5.5. Topics#
Topics are a vital element of the ROS graph that act as a bus for nodes to exchange messages.
ROS topics use namespaces to distinguish themselves. For example, in a vehicle running ROS, the positions of each wheel may be organized using the following four topics:
/wheels/front/driver/velocity
/wheels/front/passenger/velocity
/wheels/rear/driver/velocity
/wheels/rear/passenger/velocity
Note
Even when creating a small ROS Graph with only a few nodes, the number of topics tends to grow quickly. Using sensible names for topics will help you (and your colleagues!) understand the intended role of a topic, avoid confusing topics.
For example, while the name /wheels/front/driver/velocity might seem quite large and verbose,
it is also very explicit which will help you from accidentally confusing it from the topic containing the velocity of the rear driver.
Don’t mind using long topic names, because even on the CLI you can use TAB-completion to quickly autocomplete the name!
A key thing to realize about topics is that the data they contain is dynamic, meaning it changes
constantly. In our vehicle example the velocity of each wheel might be measured
one thousand times a second or more. Since the data in a ROS topic is constantly
changing, an important distinction for a topic is whether the topic is “creating”
or as we like to say in ROS publishing, or if it is reading the data, what we call
subscribing to the topic.
Typical ROS nodes subscribe to one set of topics, process that input data, and then publish to another set of topics. A node may publish data to any number of topics, and simultaneously have subscriptions to any number of topics. Likewise, a single topic can be published to by multiple nodes and be subscribed to by multiple nodes. We call this a many-to-many communication model.
Topics are one of the main ways in which data is moved between nodes and therefore between different parts of the system.
5.5.1. Exploring and using topics from the CLI#
The ros2 topic command provides various sub commands to inspect and use topics from your terminal.
To see sub commands and syntax for the ros2 topic command, we’ll run: ros2 topic --help.
This command outputs the following:
$ ros2 topic --help
usage: ros2 topic [-h] [--include-hidden-topics]
Call `ros2 topic <command> -h` for more detailed usage. ...
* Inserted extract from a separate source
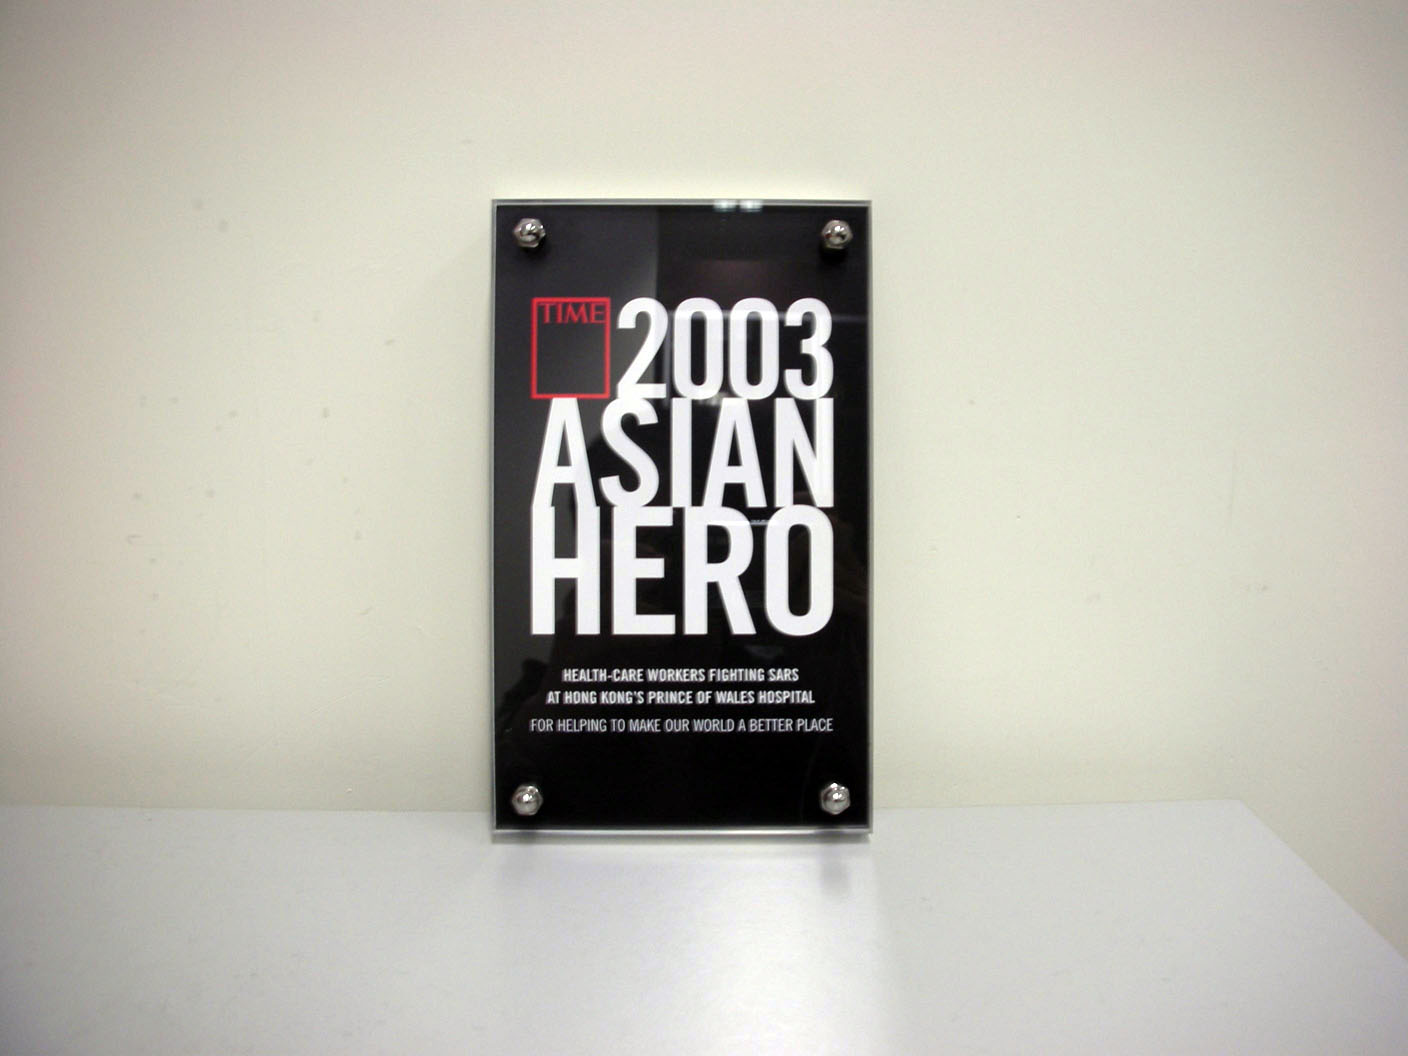 'Asian Hero' Award from the <em>Time</em> magazine (2003)

Various topic related sub-commands
optional arguments:
-h, --help show this help message and exit
--include-hidden-topics
Consider hidden topics as well
Commands:
bw Display bandwidth used by topic
delay Display delay of topic from timestamp in header
echo Output messages from a topic
find Output a list of available topics of a given type
hz Print the average publishing rate to screen
info Print information about a topic
list Output a list of available topics
pub Publish a message to a topic
type Print a topic's type
Call `ros2 topic <command> -h` for more detailed usage.
There are quite a
few sub commands; we won’t discuss all of them, but let’s look closely at a few.
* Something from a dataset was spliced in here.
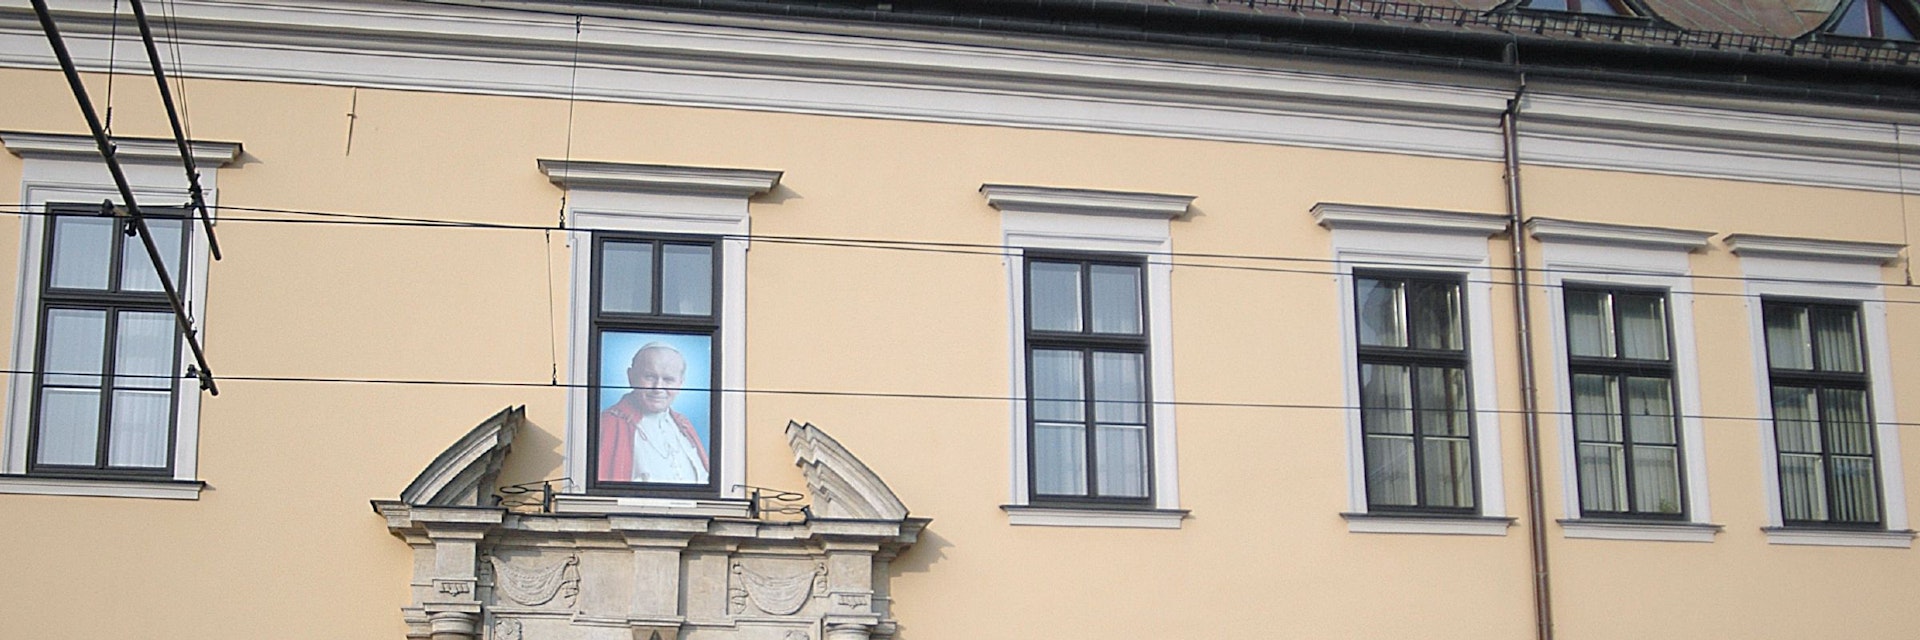 Papal Window

Sub commands have their own --help option.
5.5.2. Setup a ROS graph#
Let’s return to our turtlesim example and see if we can use the ROS CLI to understand the topics, publishers, and subscribers.
You should by now be able to run two ROS 2 programs running from the turtlesim package.
Start running a turtle_node that opens a turtle simulation, and run a turtle_teleop_key program
to make the turtle in turtle_node move around.
How are these two programs communicating?
5.5.3. Listing all topics in the ROS graph#
Repeating our command pattern let’s try running ros2 topic list --help.
usage: ros2 topic list [-h] [--spin-time SPIN_TIME] [-t] [-c]
[--include-hidden-topics]
Output a list of available topics
optional arguments:
-h, --help show this help message and exit
--spin-time SPIN_TIME
Spin time in seconds to wait for discovery (only
applies when not using an already running daemon)
-t, --show-types Additionally show the topic type
-c, --count-topics Only display the number of topics discovered
--include-hidden-topics
Consider hidden topics as well
As indicated at the top of this command help file, ros2 topic list will
“Output a list of available topics.”
There appears to be a variety of
optional arguments that we don’t need to include if we don’t want to. However,
the -t, --show-types line looks interesting. It is worth noting that command
arguments, sometimes called flags, can have two types. A short form indicated
with a single dash (“-“), and a long form indicated by a double dash
(”–“). Don’t worry, despite looking different both versions of the argument do
the same thing. Let’s try running this command, sub command pair with the
--show-types argument.
$ ros2 topic list --show-types
/parameter_events [rcl_interfaces/msg/ParameterEvent]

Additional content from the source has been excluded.